## Raw data:
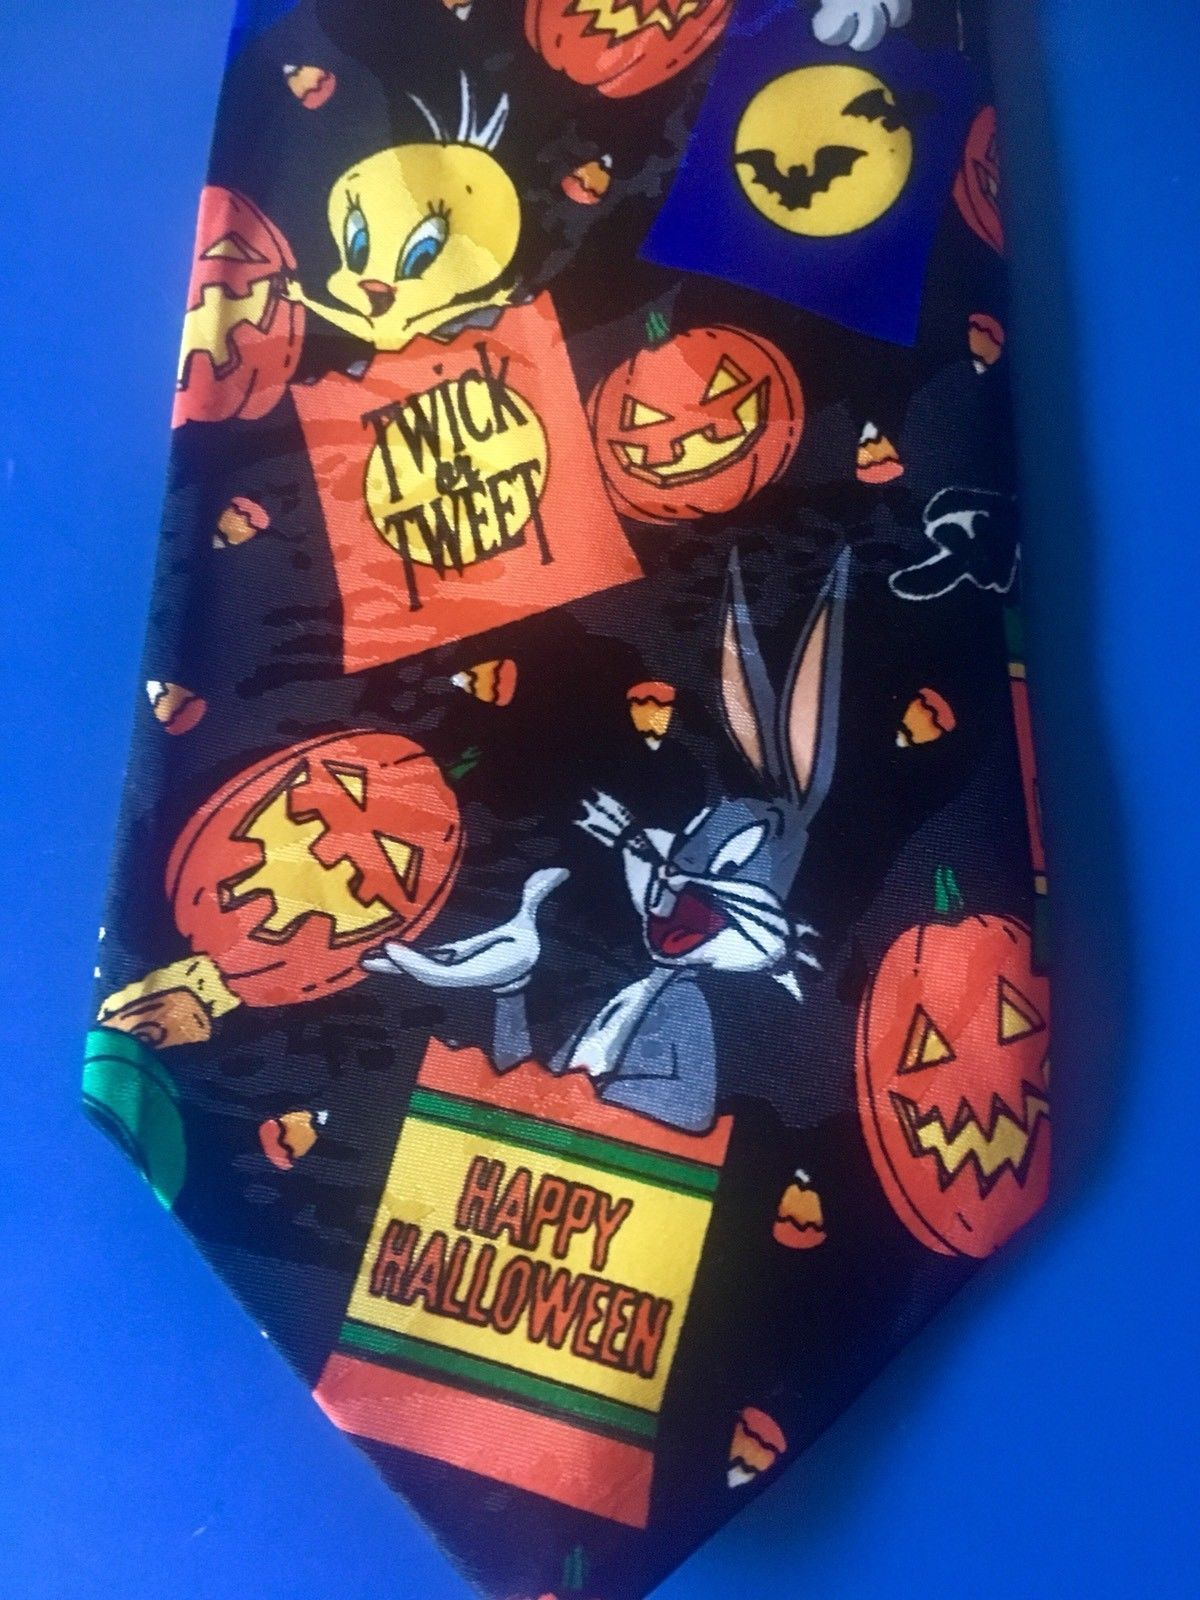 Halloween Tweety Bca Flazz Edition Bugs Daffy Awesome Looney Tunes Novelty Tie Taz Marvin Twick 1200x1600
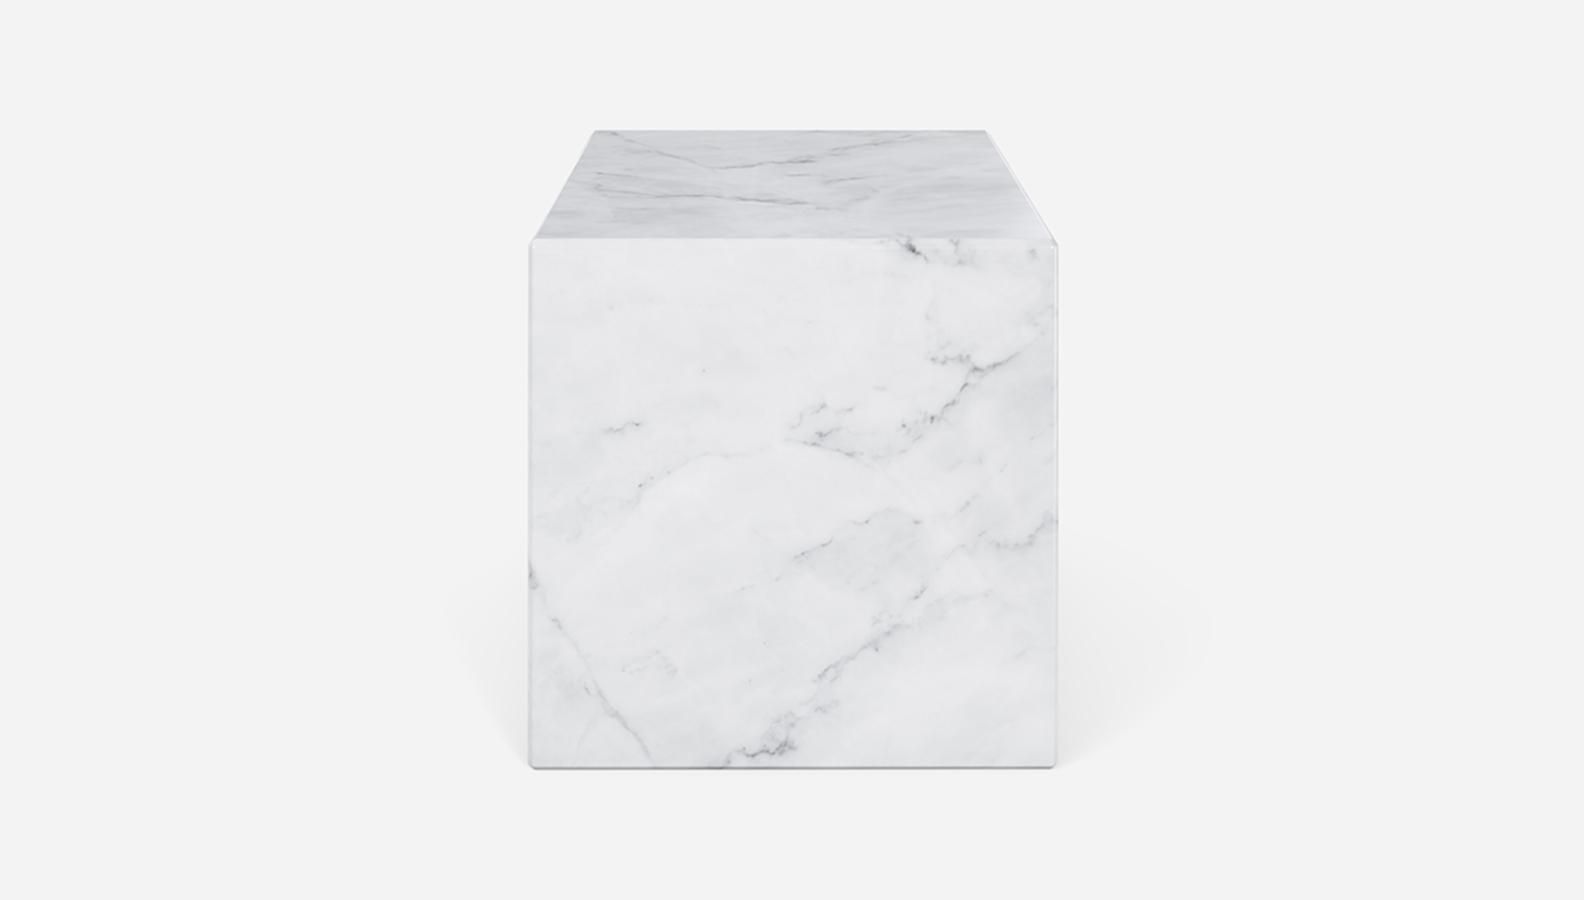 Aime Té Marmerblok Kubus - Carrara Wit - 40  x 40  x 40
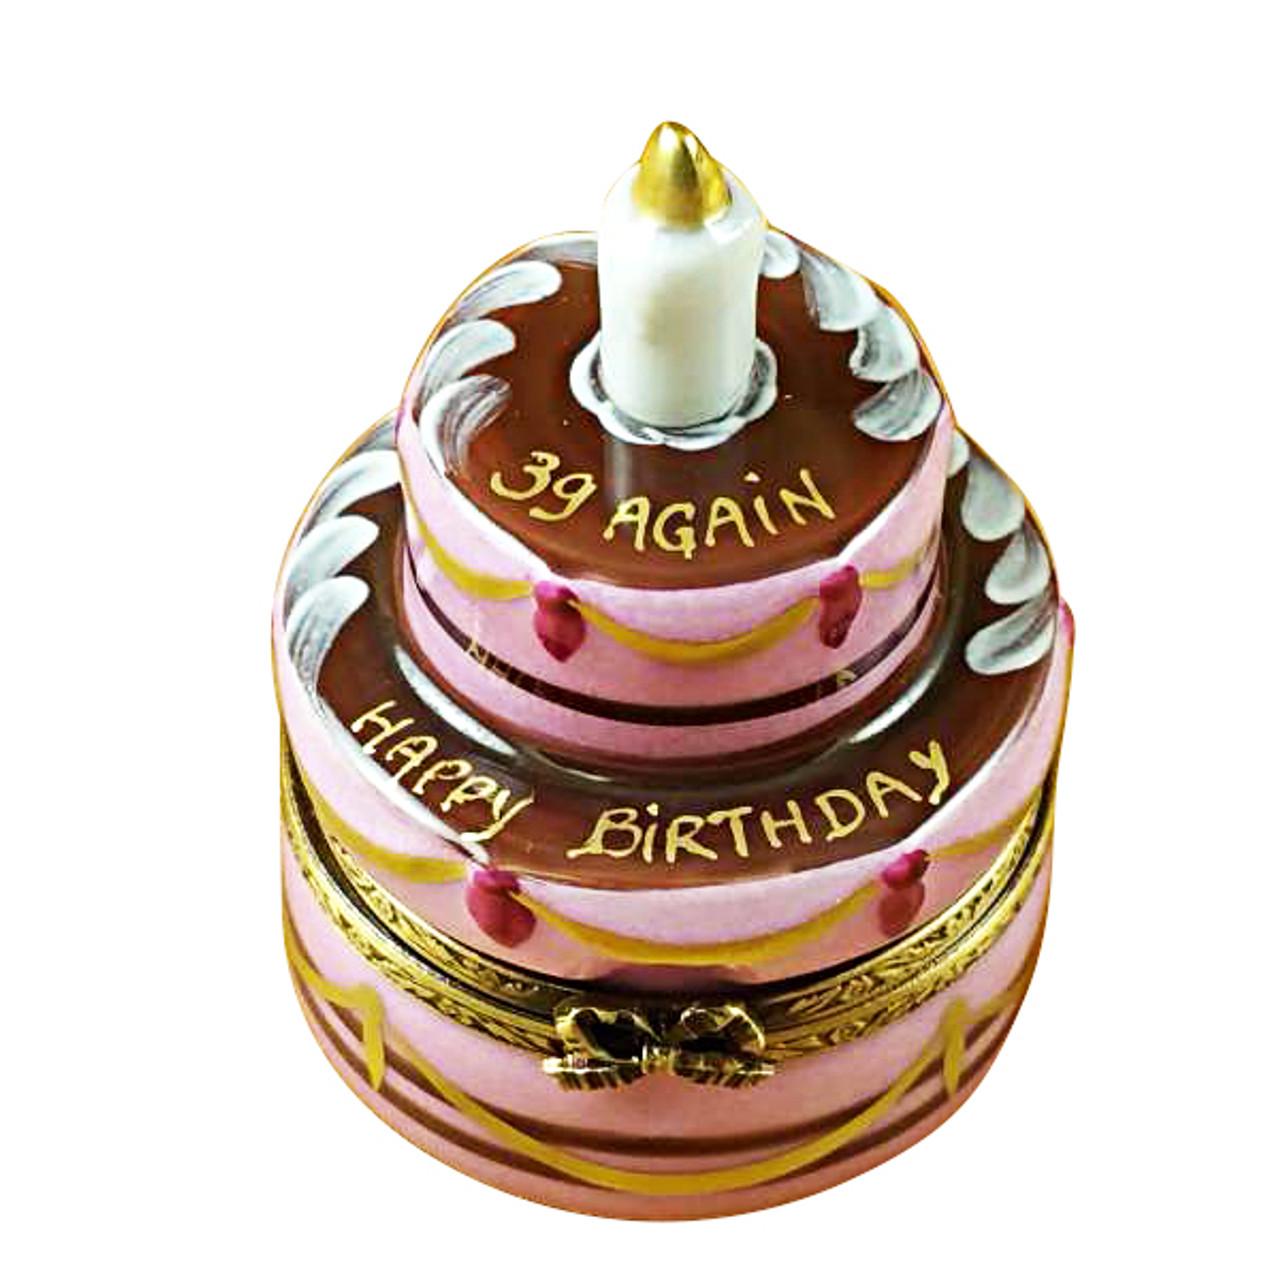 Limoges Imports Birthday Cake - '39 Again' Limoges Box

## Aim of the exercise:
Everything above except the pictures must be restated exactly.

## Finished exercise:
 Halloween Tweety Bca Flazz Edition Bugs Daffy Awesome Looney Tunes Novelty Tie Taz Marvin Twick 1200x1600
 Aime Té Marmerblok Kubus - Carrara Wit - 40  x 40  x 40
 Limoges Imports Birthday Cake - '39 Again' Limoges Box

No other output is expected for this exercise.